STRANGLING OUR ECONOMIC BABY WITH ITS OWN UMBILICAL
(….while at the same time trying to revive it with mouth to mouth stimulus)

I’ve never had any pretensions of being an economics or fiscal policy expert, far from it. Like a lot of other folks I have to take my boots off to count to twenty Even so, innate common sense tells me that two plus two still results with four, but all those accounting slight-of-hand maneuvers by the Fed and the Treasury for the past two years are somehow coming up with five and a half instead.

To me, all their maneuvers are the equivalent of strangling our economic baby with its own umbilical….while at the same time trying to revive it with mouth to mouth stimulus. And they’re wondering why the economy is barely breathing….and why jobs having any meaningful import….are like proverbial hens’ teeth….non-existent.

But what do I know….I never got the hang of “New Math”!

The President’s latest “Jobs Bill” proposal which he’s trying to shove through our Congressional legislative swampland seems like just one more bit of mouth to mouth stimulus to me. While some aspects of it have merit it doesn’t really address the two fundamental issues involved.

The two fundamental issues involved are:

a) Without a strong industrial and manufacturing base no economy in the world can either be revived….or kept going.

b) Without a corresponding rational taxation and regulatory system to go with it, any economy will, sooner or later, just shrivel up and die.

Well, on both these counts we’re in trouble. We’ve allowed our once strong and dynamic industrial and manufacturing base to erode. Granted, there are some new industries emerging, but, because of the irrational and constricting system of taxation and regulation that’s been allowed to evolve, those who might have both the means and the interest to mount any enterprise here….aren’t….preferring to gamble with offshore ones instead. Such is the American economy today.

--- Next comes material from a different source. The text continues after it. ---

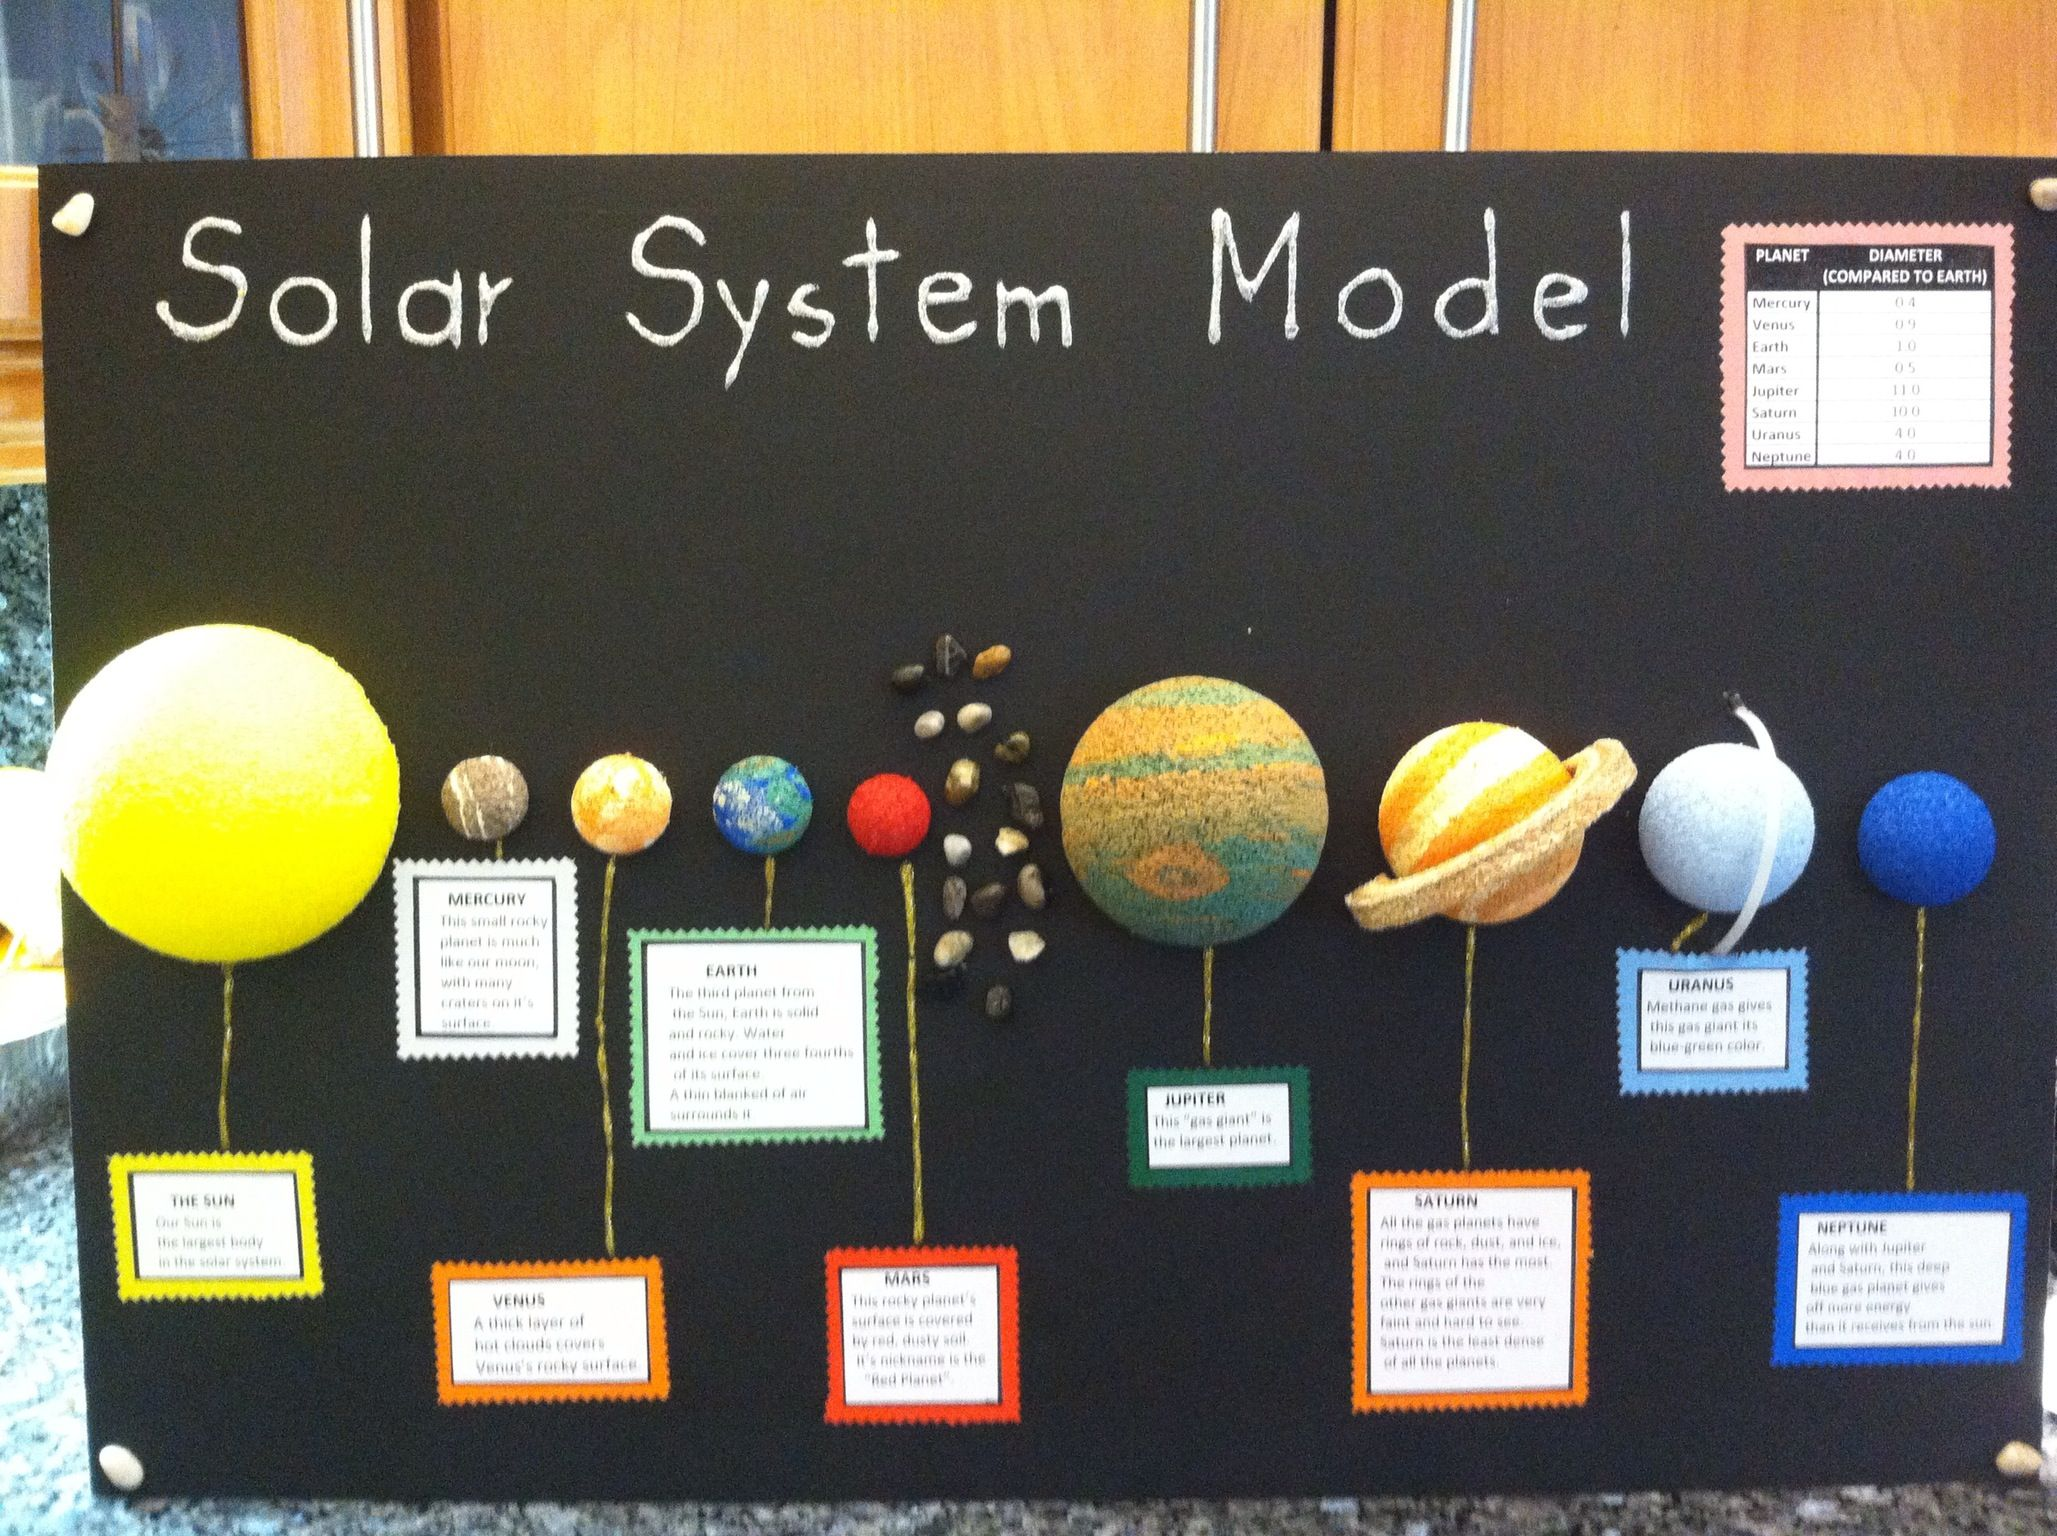 Solar System Model School Project

So unless any of our career politicos face up to such fundamentals there’s no snowball’s chance in hell that our economy will be where it once was…. any time soon. Green machines, IT, and related enterprises of one kind or another don’t produce steel. They don’t produce shoes. They don’t produce textiles. They don’t even produce plastic, or much of anything else. For these we’re thus forced to depend on others, others who may or may not give a damn about either our quality standards or reliability. We’ve traded long term economic health for cheap import4ed goods to give us the illusion we’re living the “good life”.

I’ve now come to believe that our best hope for reviving our economy is if our government will find the smarts to step back, get out of our way, and turn our inherent capacity to produce….loose. That would do it….and then our economic baby might manage to grow up.